- Opening Delimiter -
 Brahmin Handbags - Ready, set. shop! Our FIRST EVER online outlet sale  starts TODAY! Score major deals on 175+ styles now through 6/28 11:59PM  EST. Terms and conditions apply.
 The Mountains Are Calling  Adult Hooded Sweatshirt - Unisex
- Closing Delimiter -
- Opening Delimiter -
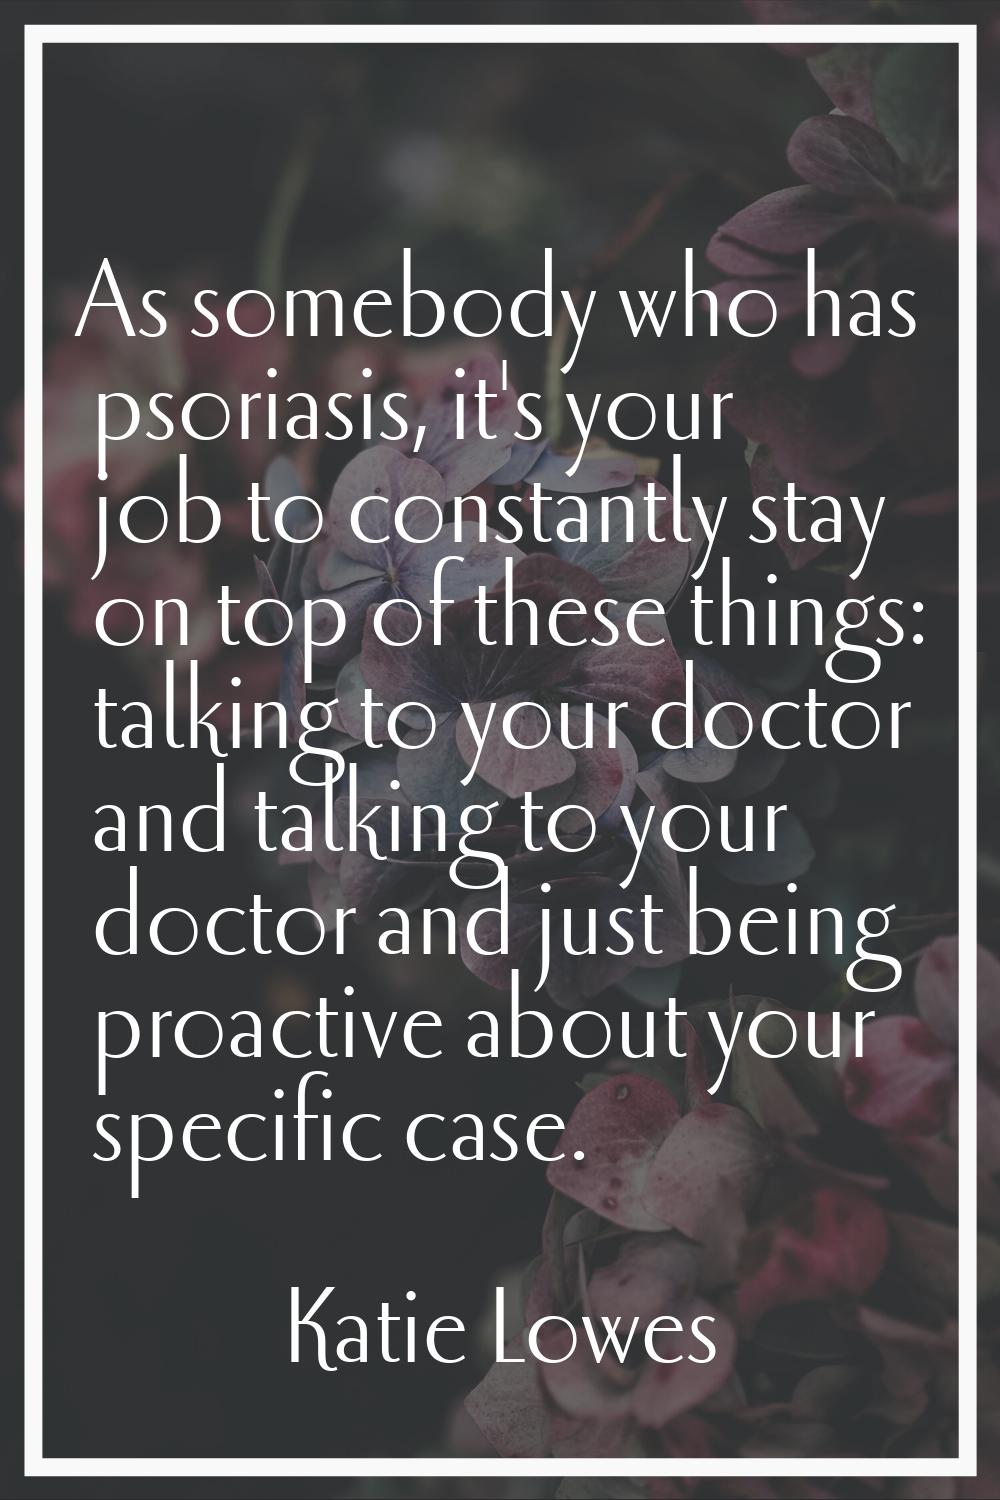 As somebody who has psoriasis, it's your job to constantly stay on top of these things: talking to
- Closing Delimiter -
- Opening Delimiter -
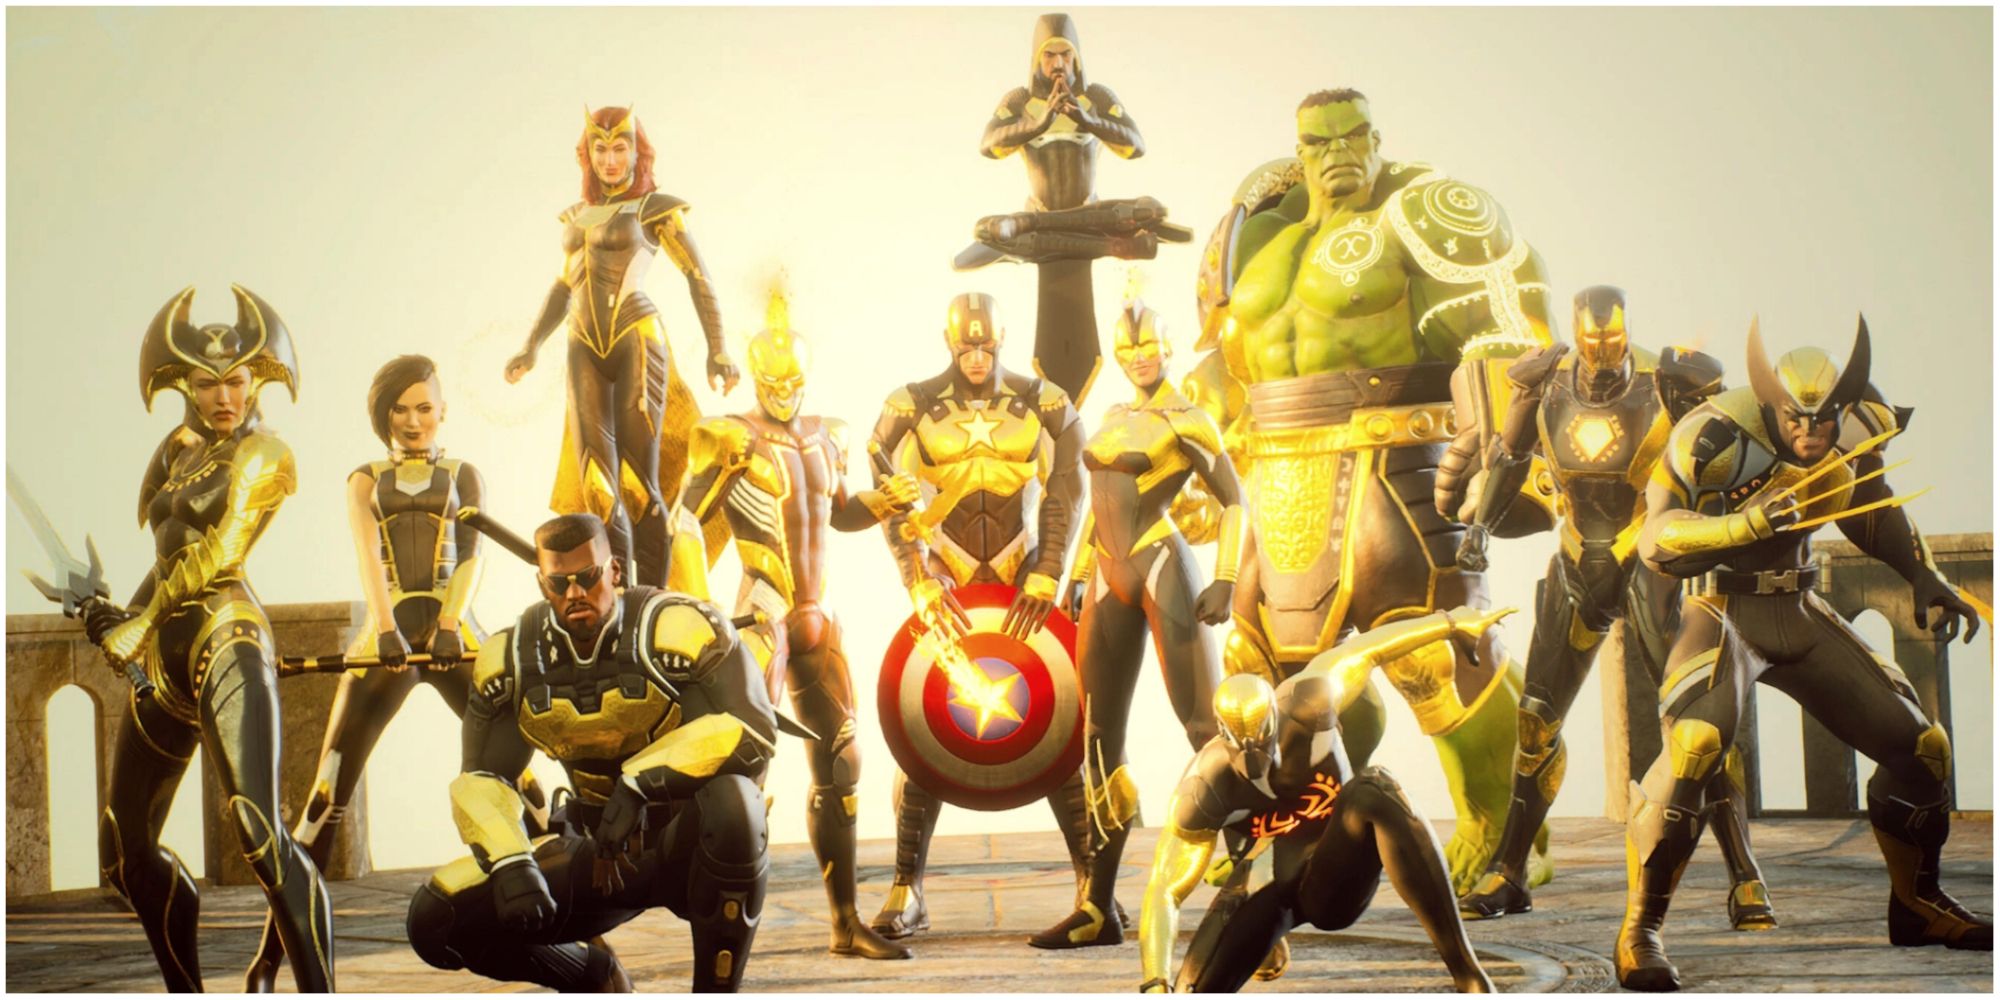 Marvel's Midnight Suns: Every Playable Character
- Closing Delimiter -
ASSIGNMENT — Using the records above, copy word for word the line with "Brahmin Handbags - Ready, set.", the line with "The Mountains Are", and every line between them.

YOUR RESPONSE —
 Brahmin Handbags - Ready, set. shop! Our FIRST EVER online outlet sale  starts TODAY! Score major deals on 175+ styles now through 6/28 11:59PM  EST. Terms and conditions apply.
 The Mountains Are Calling  Adult Hooded Sweatshirt - Unisex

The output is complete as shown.